Maj Rundlöf, Department of Ecology, Animal Ecology, Lund University, SE-223 62 Lund, Sweden (fax + 46 46 222 47 16; e-mail


  • 1The recent dramatic decline in farmland biodiversity is often attributed to agricultural intensification and structural changes in the agricultural landscape. One suggested farm practice seen to benefit biodiversity and reverse declines is organic farming. Because organic farming is viewed as a more sustainable form of agriculture it is currently subsidized by European agri-environment schemes. However, the efficiency of agri-environment schemes to preserve biodiversity has recently been questioned, partly because their uptake has been highest in extensively farmed more heterogeneous landscapes.
  • 2We investigated the effect of farming practice on butterfly species richness and abundance along cereal field headlands and margins on 12 matched pairs of organic and conventional farms in contrasting landscapes (homogeneous and heterogeneous landscape diversity).
  • 3Both organic farming and landscape heterogeneity significantly increased butterfly species richness and abundance. There was also a significant interaction between farming practice and landscape heterogeneity, because organic farming only significantly increased butterfly species richness and abundance in homogeneous rather than heterogeneous landscapes.
  • 4An analysis of the distribution of organic farming in Sweden in relation to productivity of the arable land (yield of spring barley, kg ha−1) indicated that the distribution of organic farms was skewed towards extensively farmed agricultural areas.
  • 5Synthesis and applications. The species richness and abundance of butterflies can be enhanced by actions aimed at both promoting organic farming and increasing landscape heterogeneity. However, the beneficial effect of organic farming was only evident in intensively farmed homogeneous landscapes. Currently, the majority of organic arable land in Sweden is located in heterogeneous landscapes where changing the type of farming practice adds little to the existing biodiversity. We therefore propose that the interaction between landscape heterogeneity and farming practice must be considered when promoting farmland biodiversity, for example in Europe by developing context-based agri-environment schemes to increase the amount of organic farming in intensively farmed landscapes. We also propose that in homogeneous agricultural landscapes, organic farming could be used as a more efficient tool to restore landscape heterogeneity if the creation of semi-natural landscape elements was mandatory in the regulations associated with organic agri-environment schemes.


Considerable research has been dedicated towards identifying causes of biodiversity decline in agricultural landscapes and ways to counteract it (Dover 1997; Krebs et al. 1999; Wilson et al. 1999; Tilman et al. 2001; Benton, Vickery & Wilson 2003; Fox 2004).
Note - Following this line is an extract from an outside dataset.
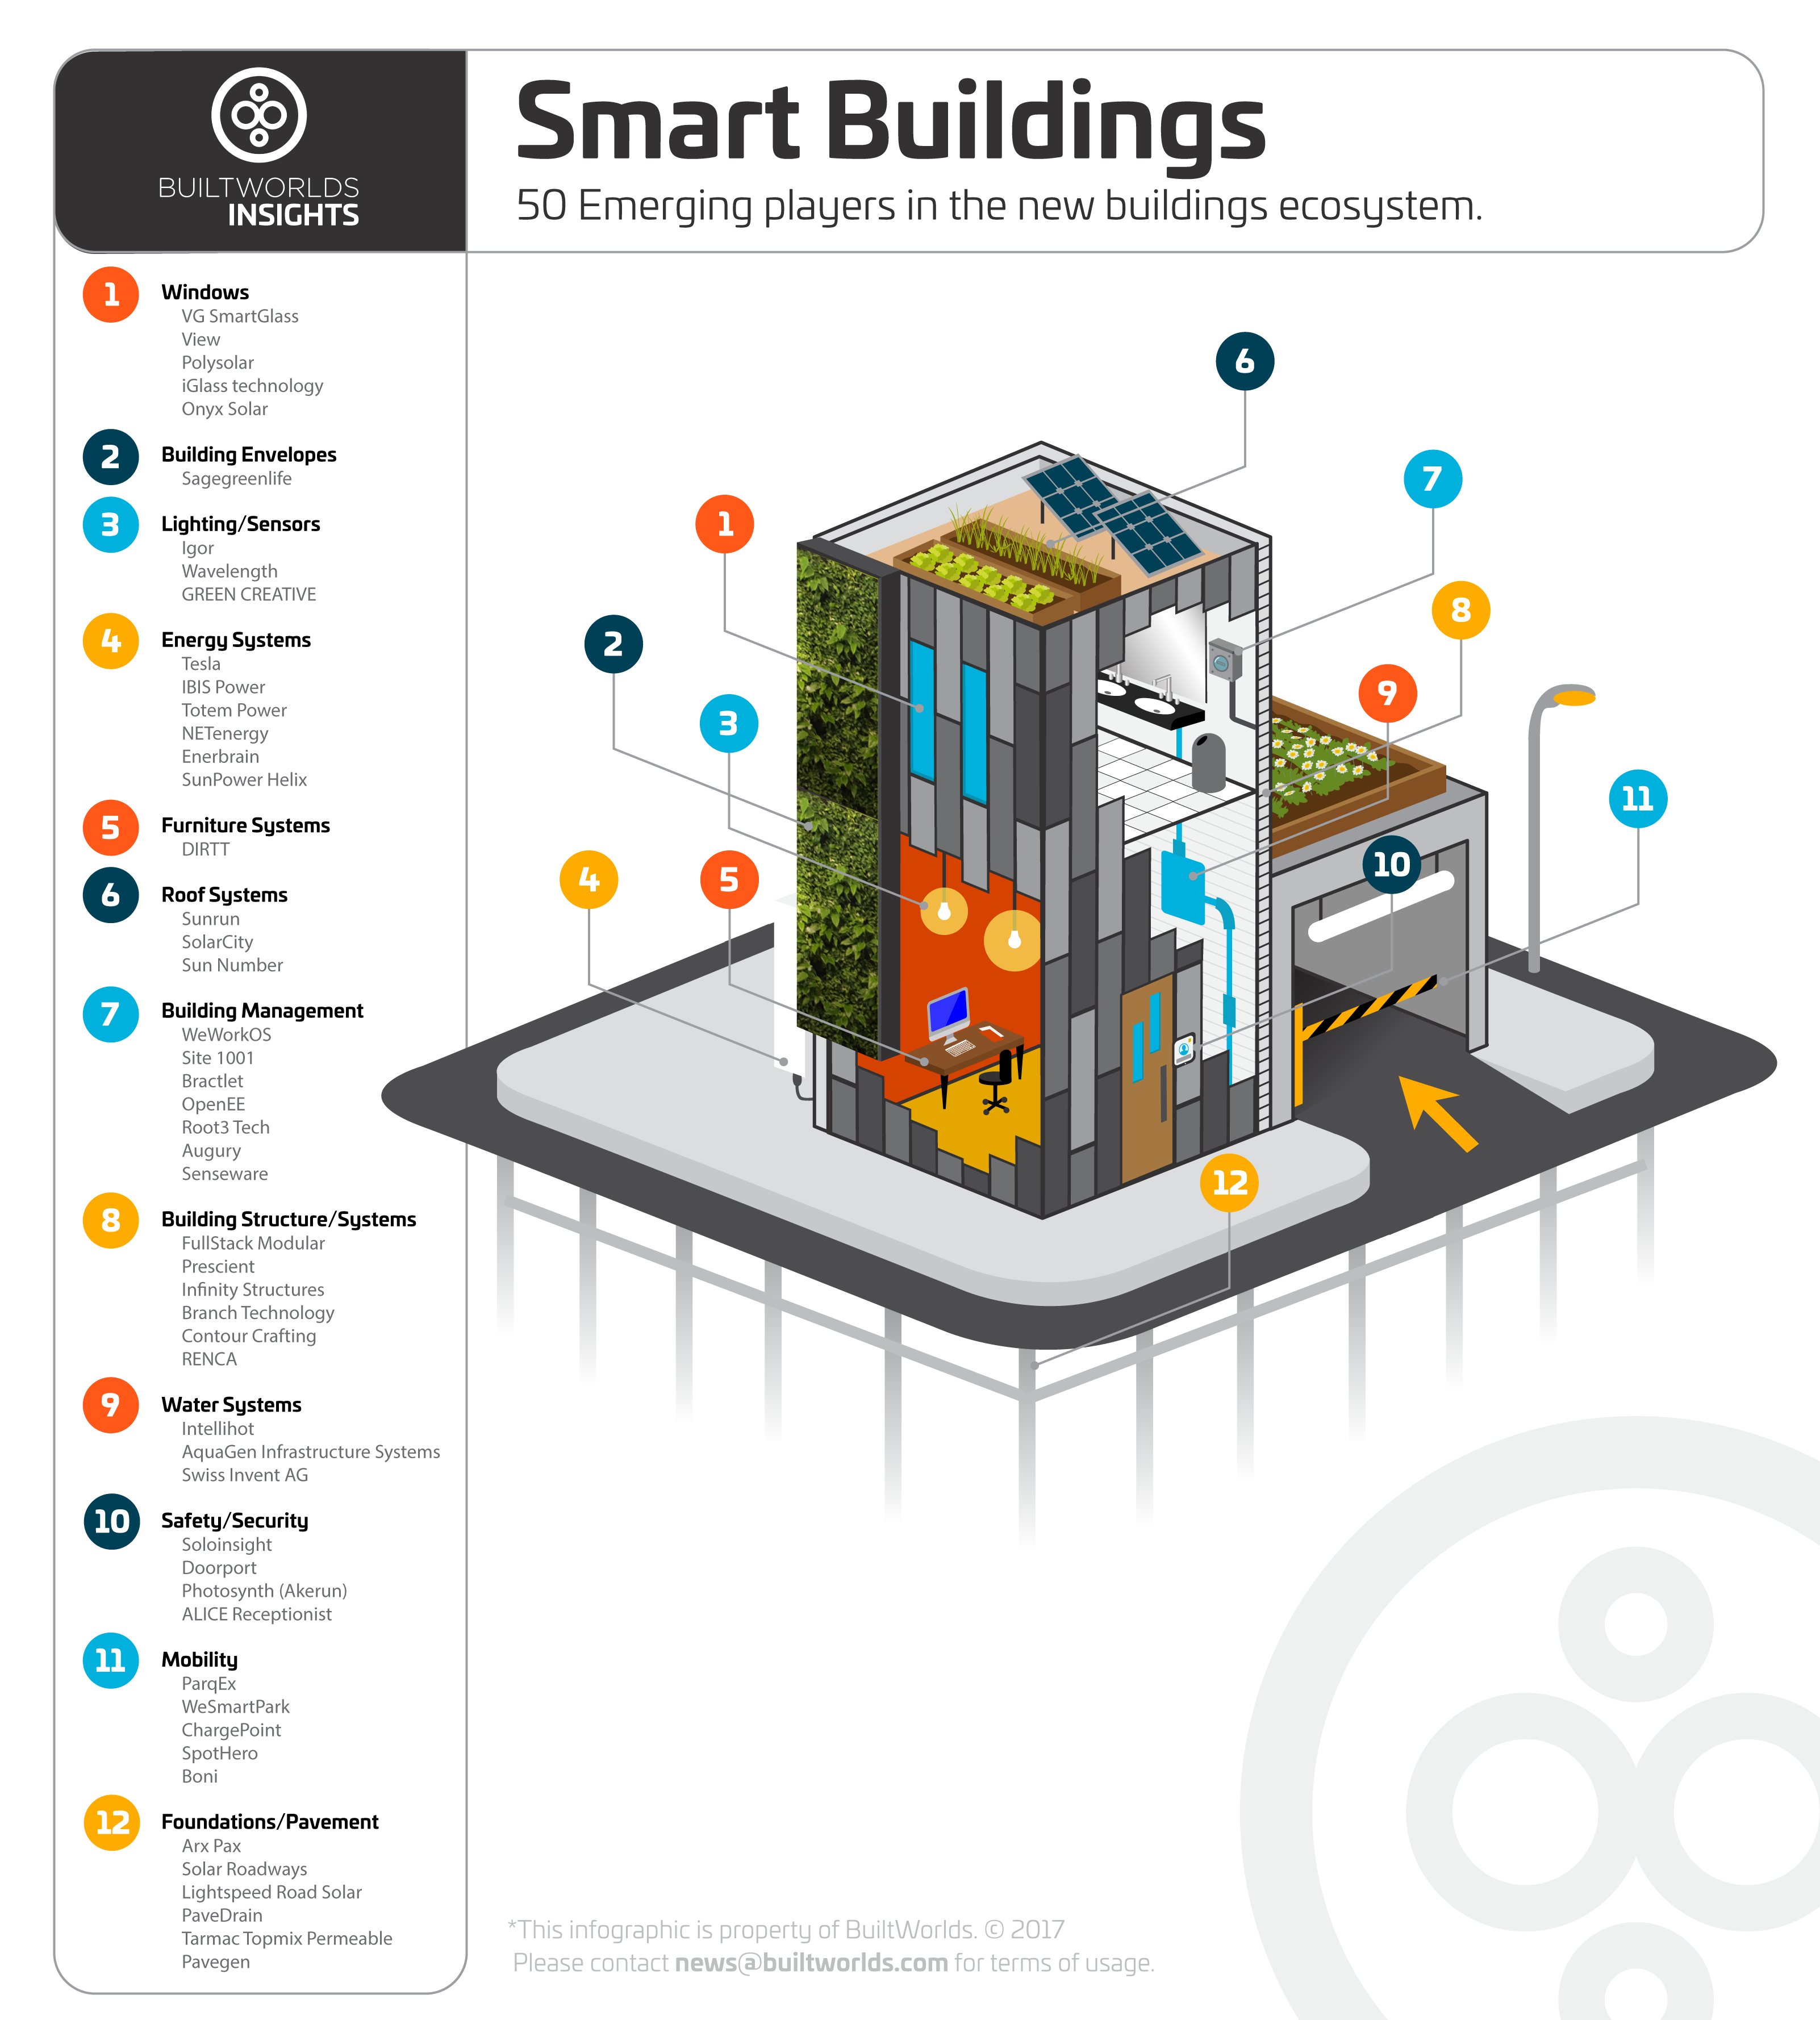 5 Common Myths About Smart Buildings Debunked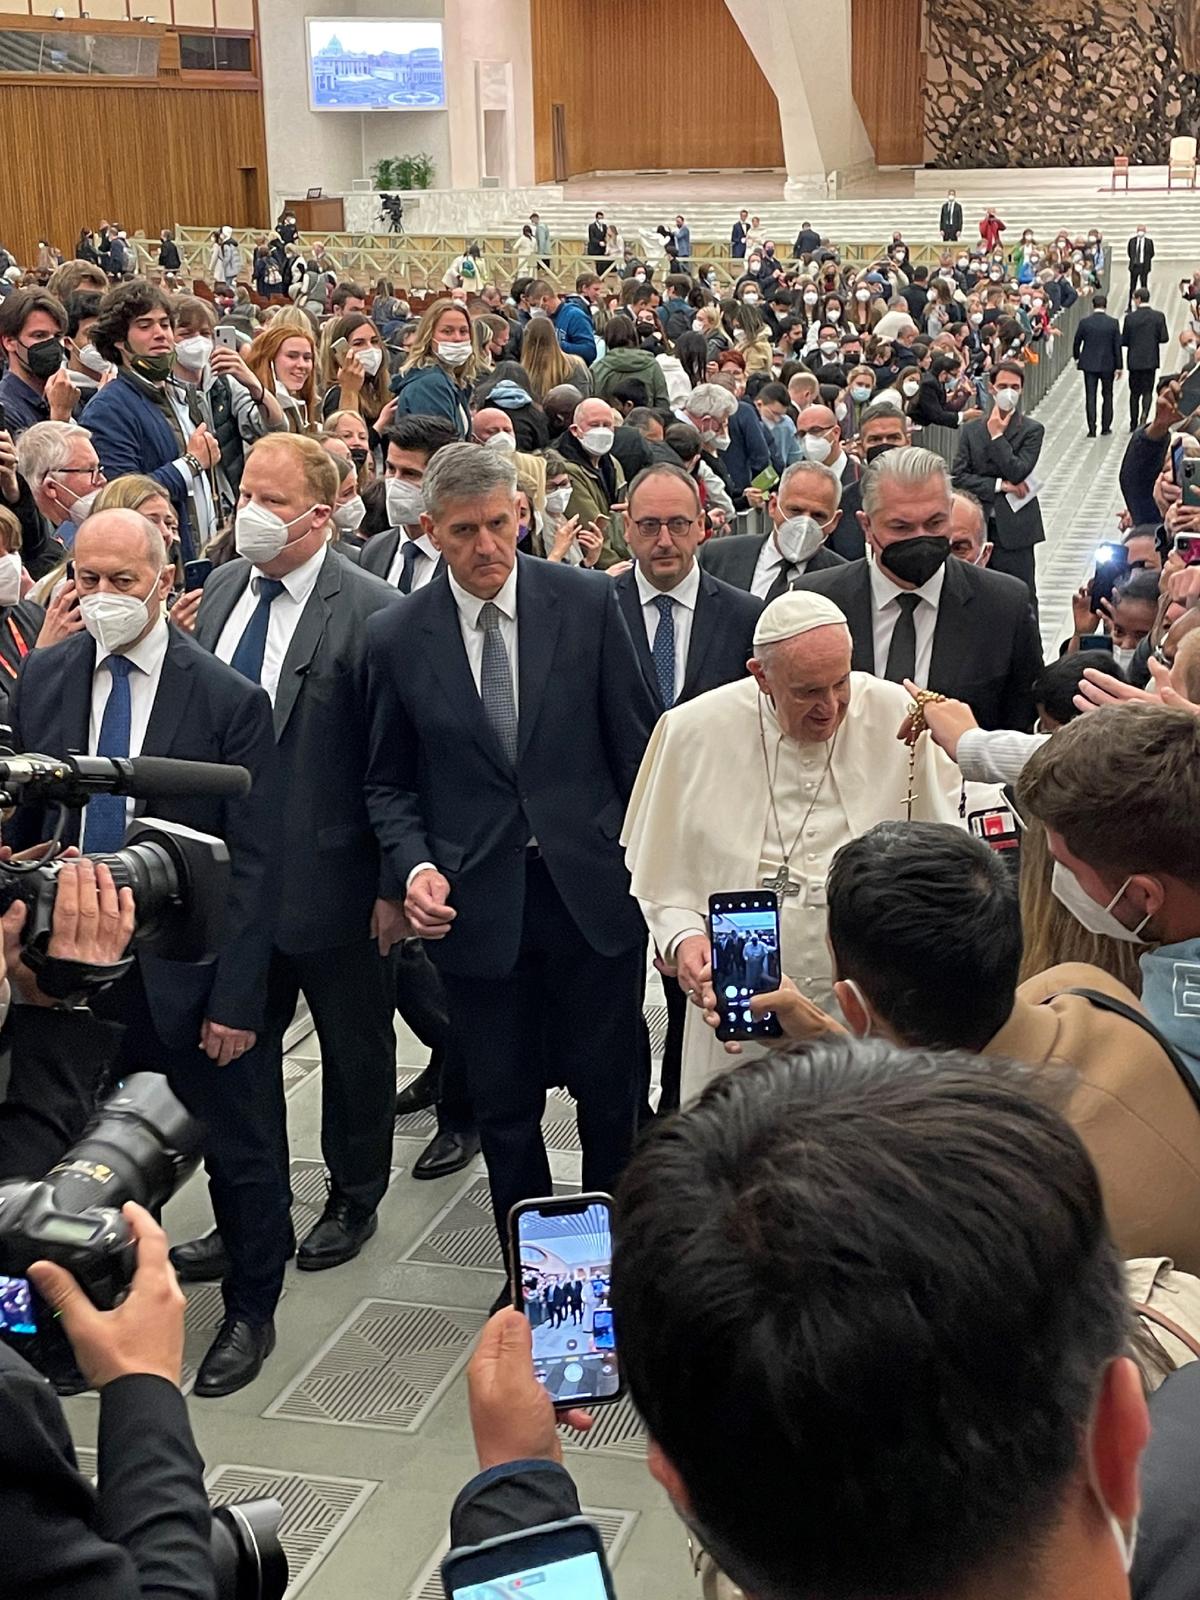 Pope Francis walks up the center aisle to greet the faithful at a Wednesday audience in the Vatican. (Photo courtesy of David Frederikson)

Organic farming has been suggested as one solution (Hole et al. 2005) because an explicit goal of organic farming is to sustain and enhance biological diversity in the agricultural landscape (CAC 1999; IFOAM 2005). This assumption may be one important reason for the continued growth of the organic sector. The goal to protect biodiversity together with the view of organic farming as a more sustainable form of agriculture are factors affecting both consumers’ food choice (Sheperd, Magnusson & Sjödén 2005) and policy makers. In Europe this has led to the use of agri-environment schemes (financial support to farmers to compensate for taking positive environmental actions) to subsidize organic production.

The organic sector has increased in most European countries, including Sweden, since the beginning of the 1990s. Around 3·5% (4·8 million ha) of the arable land in the European Union (EU) was under organic management in 2002 (Willer & Richter 2004). However, Kleijn & Sutherland (2003) have highlighted that the uptake of different types of agri-environment schemes has been highest in areas with extensive agriculture and hence fewer concerns regarding declining biodiversity. In addition, the efficiency of agri-environment schemes in general and organic farming in particular to protect biodiversity has recently been questioned (Trewavas 1999; Kleijn et al. 2001; Kleijn & Sutherland 2003; Green et al. 2005; Hole et al. 2005).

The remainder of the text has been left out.